New Year’s Day, 2016.  Stabbings in Jerusalem.  Car-rammings in Etzion.  Shootings in Tel-Aviv.  The media press cannot find a motivation.  Perhaps, may we suggest, anti-Semitism?

An Ethical Conundrum: From mystery misery, without mastery; from confusion fusion, without theory or connection.  Each day we almost die by mistakes, accidents, unperceived wishes.  Years later only, should we live so long, the circumstances become evident and the motives embarrass us.  What it is impossible to dream away, conscience invalidates. What we lose to sleep, however, lets the delusions continue.

The travelling detective discovers wherever he goes new mysteries.  He identifies clues and draws inferences the local experts cannot.  Then, having exposed part of the truth, he moves on, unable to enjoy the benefits that accrue to safety and security.  Having gained more skills with each episode, he finds the greatest riddle of all why his coming to a place causes so much pain and misery.

The question is not just why certain movies and television series endure the test of time and can be watched with enjoyment and learning decade after decade, but why some comic characters and situations cannot be transplanted from place to place, as well as time to time. 

Dracula casts long shadows on the wall but reflects no images in the mirror.  Memories weigh our minds down and creep like revenants after our bodies, while doubts and hesitations unconsciously hold us back from the fullness of life.
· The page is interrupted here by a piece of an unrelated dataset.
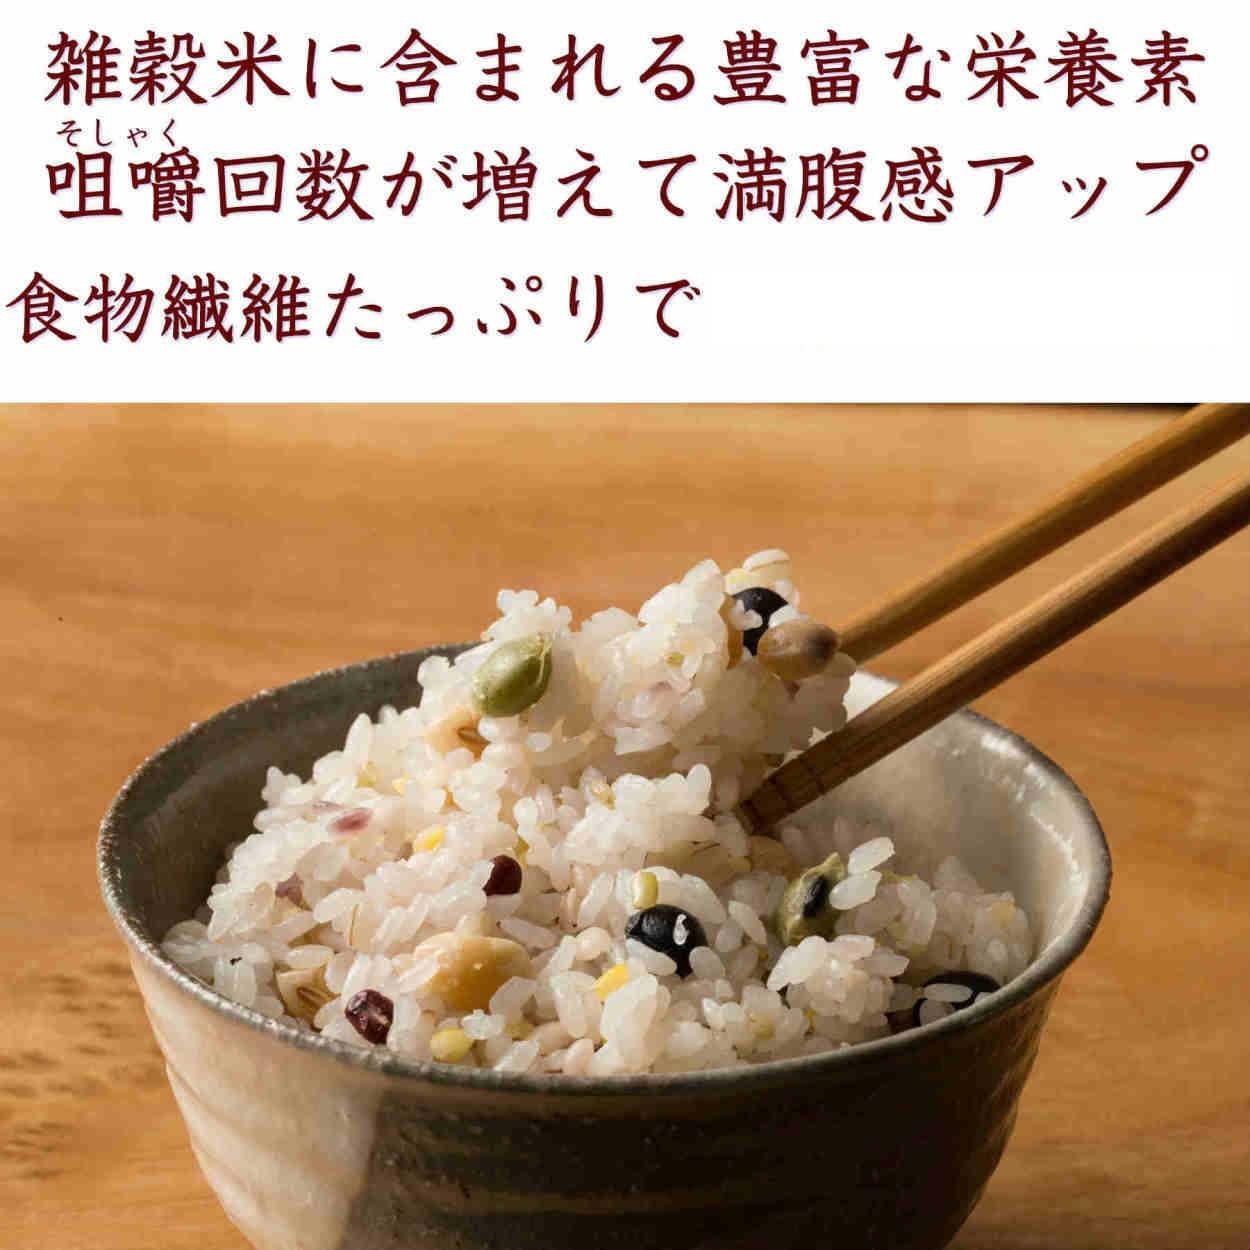 ダイエット雑穀(豆有)04
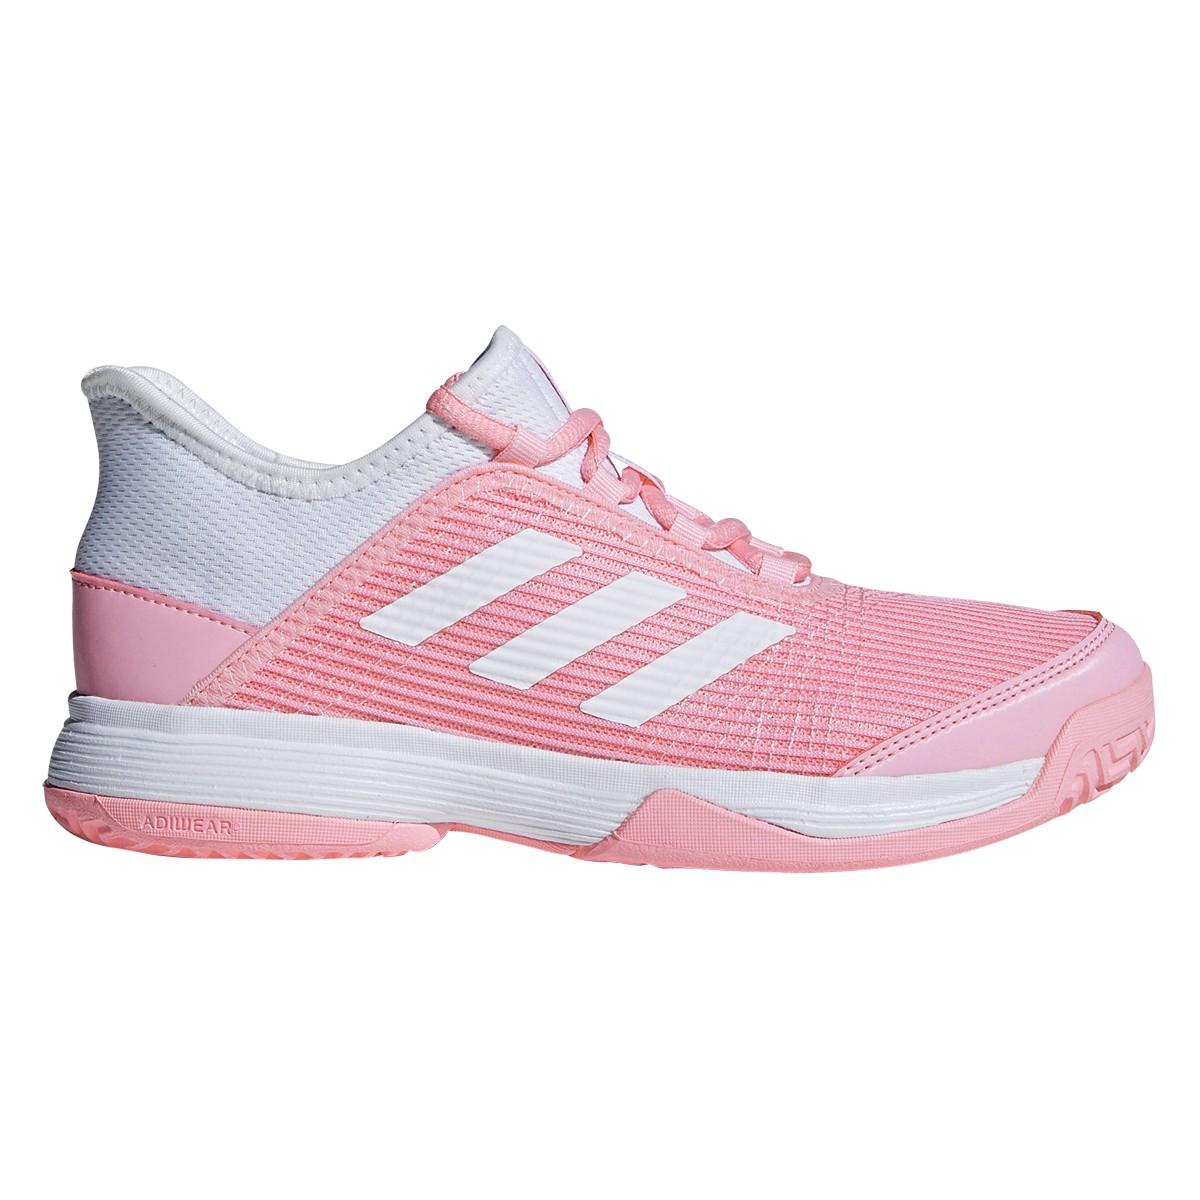 scarpe tennis adidas junior

The fatuous and the pedantic: one insists that you follow the strict dictionary spelling and meaning of words, the other that you follow the original text you are working with, even down to the errors and variants. 

Nothing is perfect.  I am perfectly assured of that. 
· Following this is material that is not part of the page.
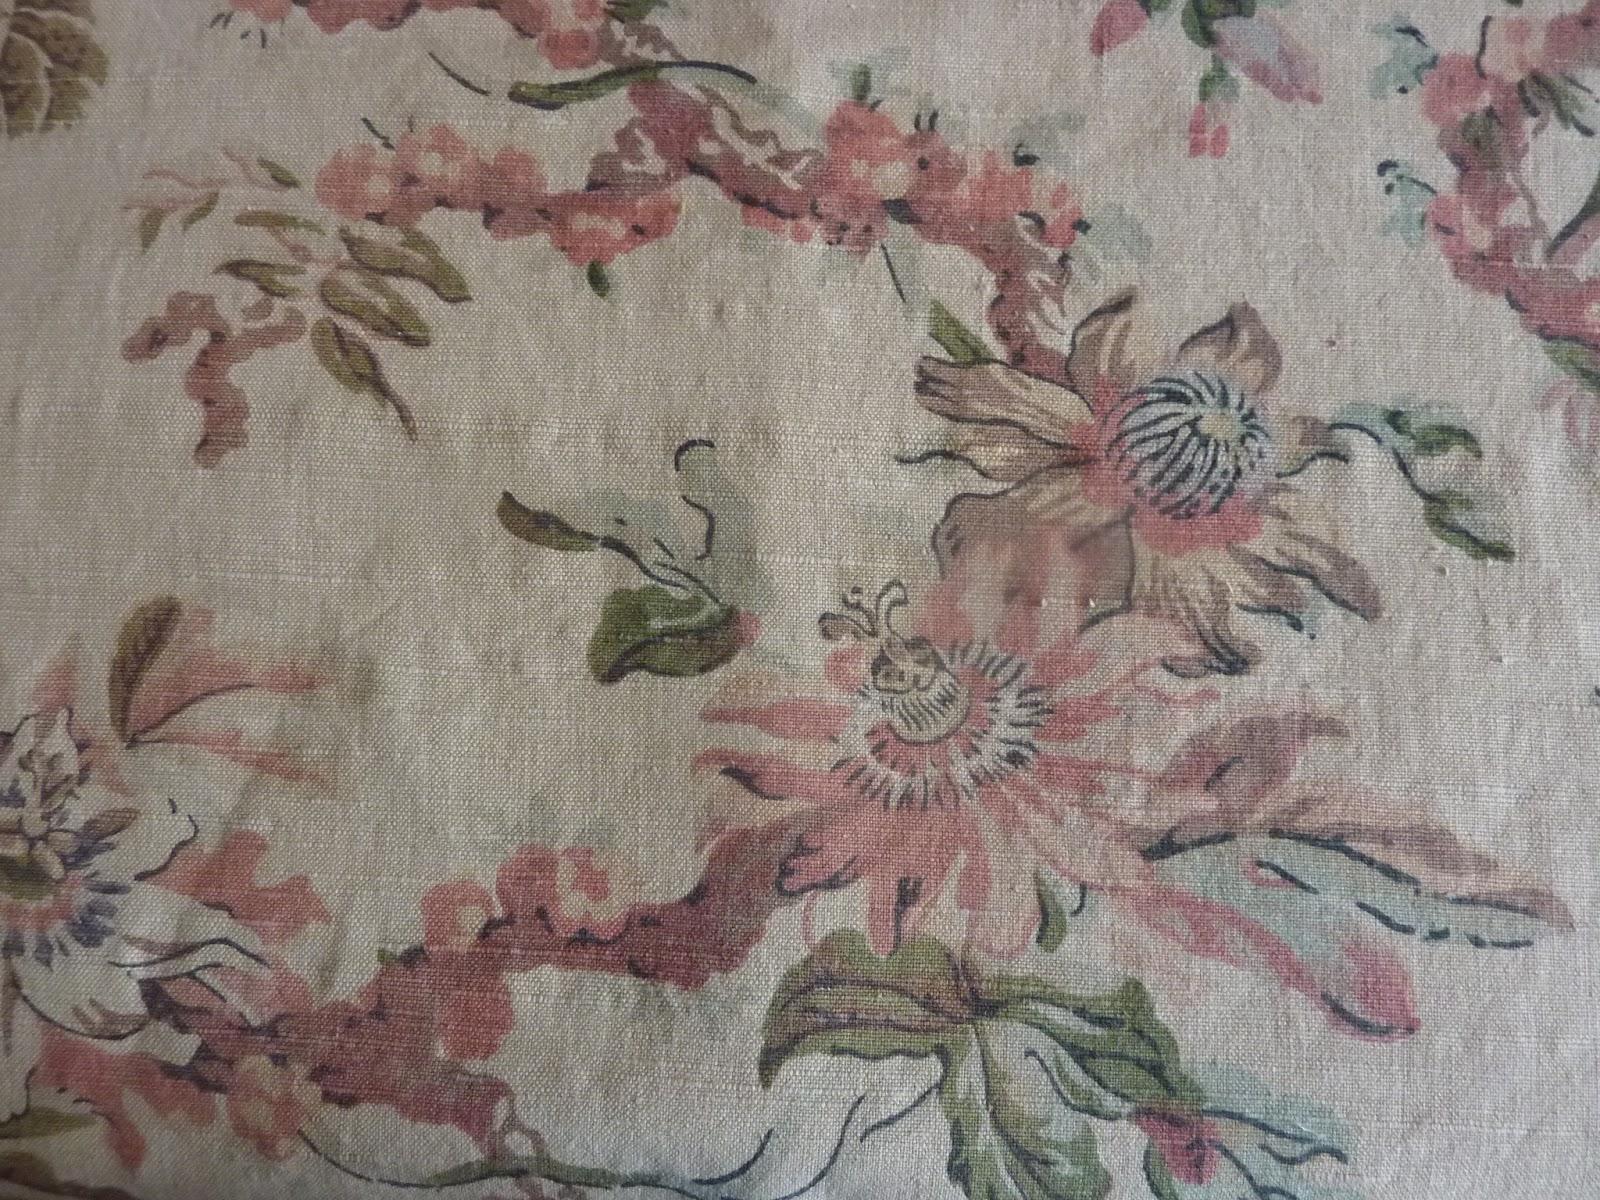 807 magnifique tissu ameublement ancien 19e fleuri - Tissus d ameublement anglais ...

After the North Koreans explode their next hydrogen bomb, we will all have funny haircuts.

When I was a boy, most of the people I knew were born in the nineteenth century, or at least before World War One.  There were still horse-drawn carts making deliveries of milk and ice.  Telephones had dials and radios had tubes. There was no television. Now young people expect me to know about the digital age and online payments. 


Little more than a century old, and the book that comes across the world—one whole continent, one whole ocean—is falling apart.  The pages are loose and disintegrate in my hands. Carefully I make my photocopies.  Suddenly the text looks clean and sturdy.  Everything reads as though it were printed today, except for the marks of paper flakes, sewing strings, and blotches of time.  I fast approach that age, too, yet who will ensure my thoughts are not crumbled and lost?

Children as emaciated as skeletons.  Old people desiccated by weeks of starvation and years of deprivation.  Cities are devastated by civil war, rebellion and peace-makers bombs.  Emotions swell up, sympathy and compassion, of course.  But thoughts make me hesitate about a people who for more than half a century have chanted for my death.